Nobody had quite anticipated the furor that arose from putting Blackford Oakes in jail. A festering popular resentment against what the
Wall Street Journal
labeled the “disestablishment of American security” became vocal. People here and there, on talk shows, in the letters columns of newspapers, hotly questioned the moral passions of Senator Hugh Blanton and the “elephantiasis of Senate pride,” as Rush Limbaugh put it. The tabloids teemed with fanciful tales of adventures allegedly had by super-spy Blackford Oakes himself, or else done under his supervision. These included everything from seizing the minutes of Khrushchev's Twentieth Party Congress speech in 1956, denouncing the crimes of Josef Stalin, to hand-delivering the Stingers that had finally brought the Soviet juggernaut to a stop in Afghanistan. Blackford soon was linked to every turn of history in Soviet-American relations that benefited the West, including the defection of Nureyev, the escape to the West of Solzhenitsyn, the spotting of Soviet nuclear weapons in Cuba …

“Really, darling,” Sally said to him in the one telephone call to her he was permitted every day, “I had absolutely no idea that you single-handedly managed to win the Cold War. Tell me, Blacky, did you hypnotize Gorbachev into instituting glasnost? Perestroika?… But I shouldn't tease, my love. To tell the truth, I'm rather enjoying it, because I think it must be some comfort for you in that awful place they have you. Oh darling, why don't you just swallow your pride, agree to appear, and take the Fifth Amendment?”

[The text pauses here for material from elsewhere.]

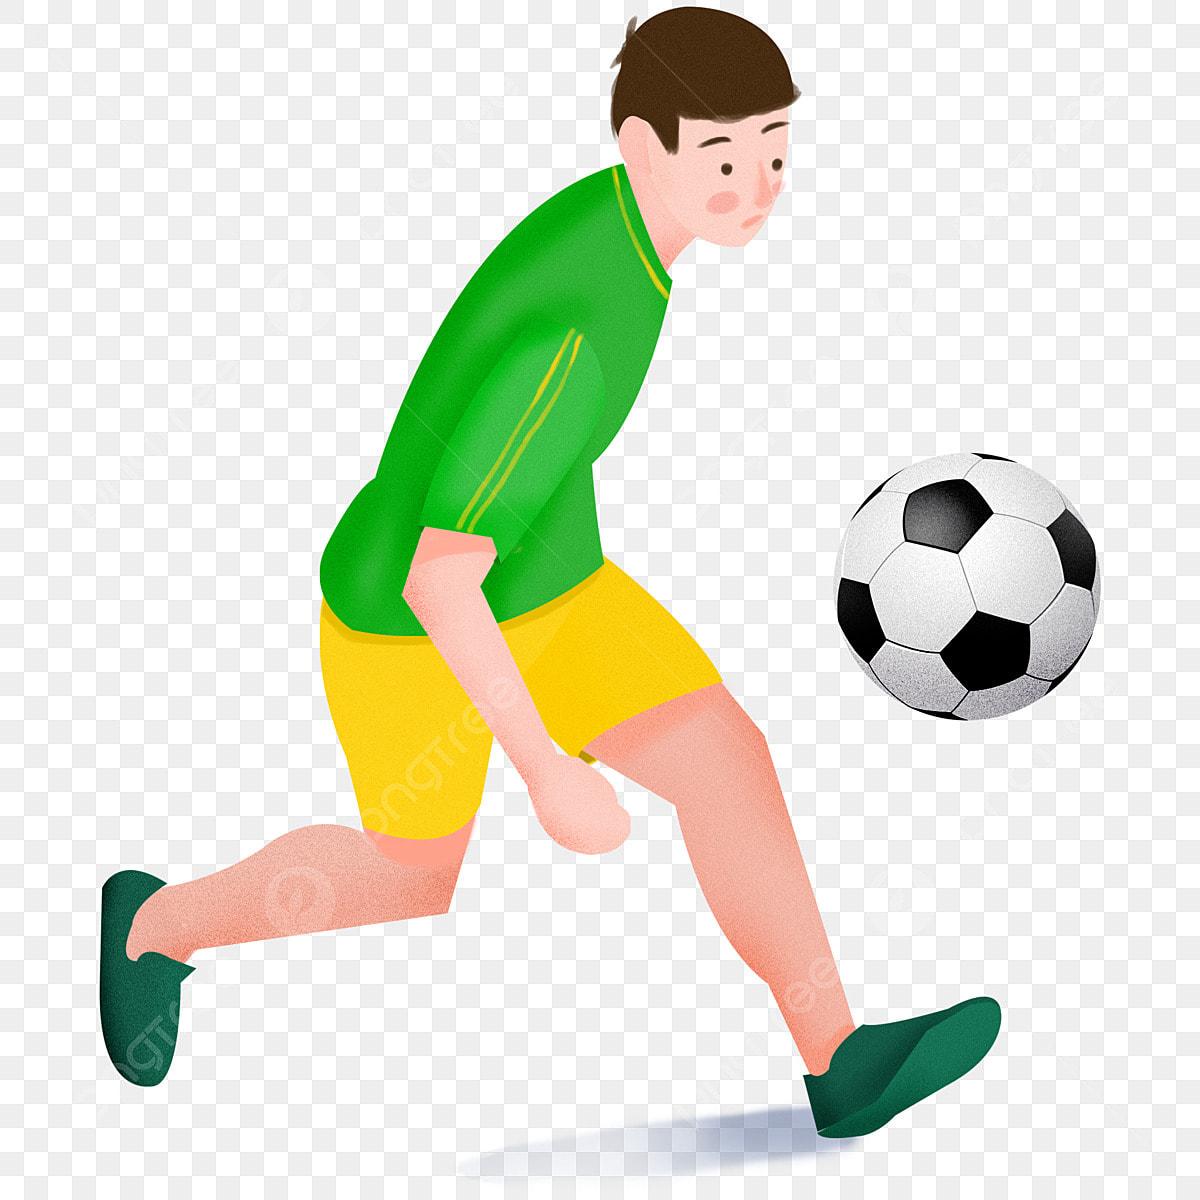 無料ダウンロードのためのサッカーテクスチャー背景画 白黒 サッカー

Blackford gently reminded her that the night before he turned himself in to the Justice Department ten days ago she had pledged not to argue that line again, for the sake of domestic tranquility. “To tell the truth,” he said, “I don't particularly mind that the whole subject of covert activity is coming up a month or so before Blanton files his report. A few weeks ago I'd have predicted his no-covert-activity bill would sail through Congress. I'm not so sure anymore. What we need is a little friendly nudge from the White House. All the right arguments are being laid out, though of course the case could be made stronger if we could actually talk history, and talk about the uses of covert activity right now. But anyway, it gives me something to do, watching it all. I don't have much to do except read the papers and watch television. If I'm in here another week I'm going to end up reading Norman Mailer's novel on the CIA.”

“And doing your push-ups?”

“And doing my push-ups. I do those, and I say my prayers, and I miss you desperately, and might even reread Jane Austen. By the way, Sally, does anybody ever confess to just plain ‘reading' Jane Austen? I know only people who ‘reread' Jane Austen. Goodbye, darling. They're waving me away from the phone. I'll call tomorrow.”